Lula estava lá para discorrer sobre as relações entre os dois países. No meio
da discurseira, resolveu discutir a relação com Alvaro Uribe. Foi nocauteado no
primeiro assalto.
Caprichando na pose de consultor-geral do mundo, com os olhos voltados para o
presidente Juan Manuel Santos, Lula cruzou a fronteira da civilidade com a
sem-cerimônia dos inimputáveis. “Estou certo que você e a presidenta Dilma
Rousseff podem fazer mais do que fizemos o presidente Uribe e eu”, começou.
Pararia por aí se fosse sensato. Nunca será, confirmou a continuação do
falatório: “Tínhamos uma boa relação, mas com muita desconfiança. Não
confiávamos totalmente um no outro”.
Lula confia em delinquentes, cafajestes, doidos de pedra, assassinos
patológicos, sociopatas, ladrões compulsivos ─ e em qualquer obscenidade
cucaracha.
Hugo Chávez é um bolívar-de-hospício, mas o amigo brasileiro participou até
de comícios eleitorais na Venezuela. Evo Morales tungou a Petrobras e anistiou
os ladrões de milhares de carros brasileiros, mas Lula tem muito apreço por um
lhama-de-franja. Cristina Kirchner não perde nenhuma chance de atazanar
exportadores brasileiros, mas Lula não resiste ao charme da inventora do luto de
luxo. O único problema do subcontinente é Uribe.

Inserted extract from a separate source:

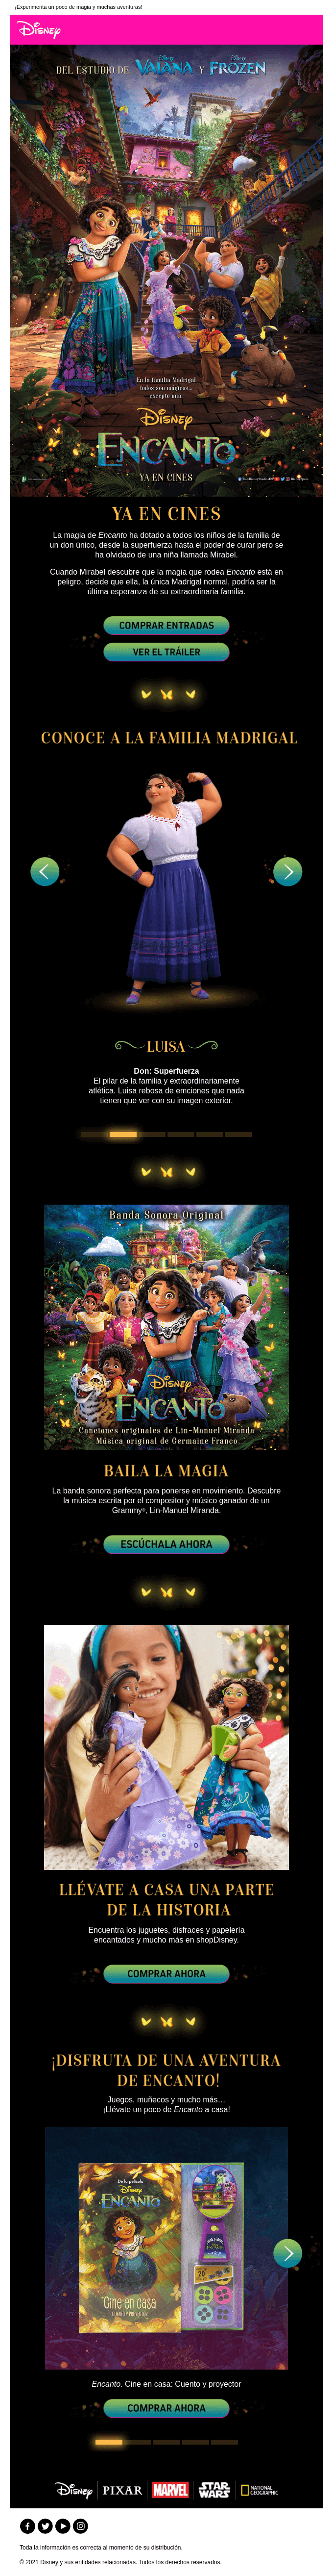 Encanto, now in theaters!

Embora desprovido de razões para desconfianças, Lula foi permanentemente
desrespeitoso ─ e frequentemente grosseiro ─ com o colombiano que também
conseguiu dois mandatos nas urnas, despediu-se da presidência com 85% de
aprovação nas pesquisas e transmitiu o cargo ao sucessor que escolheu.
Embora sobrassem motivos para desconfiar de Lula, Uribe sempre o tratou com
respeito e elegância. E suportou pacientemente, durante oito anos, as
manifestações unilaterais de hostilidade.
A paciência chegou ao fim, avisou a devastadora sequência de mensagens
divulgadas por Uribe no Twitter.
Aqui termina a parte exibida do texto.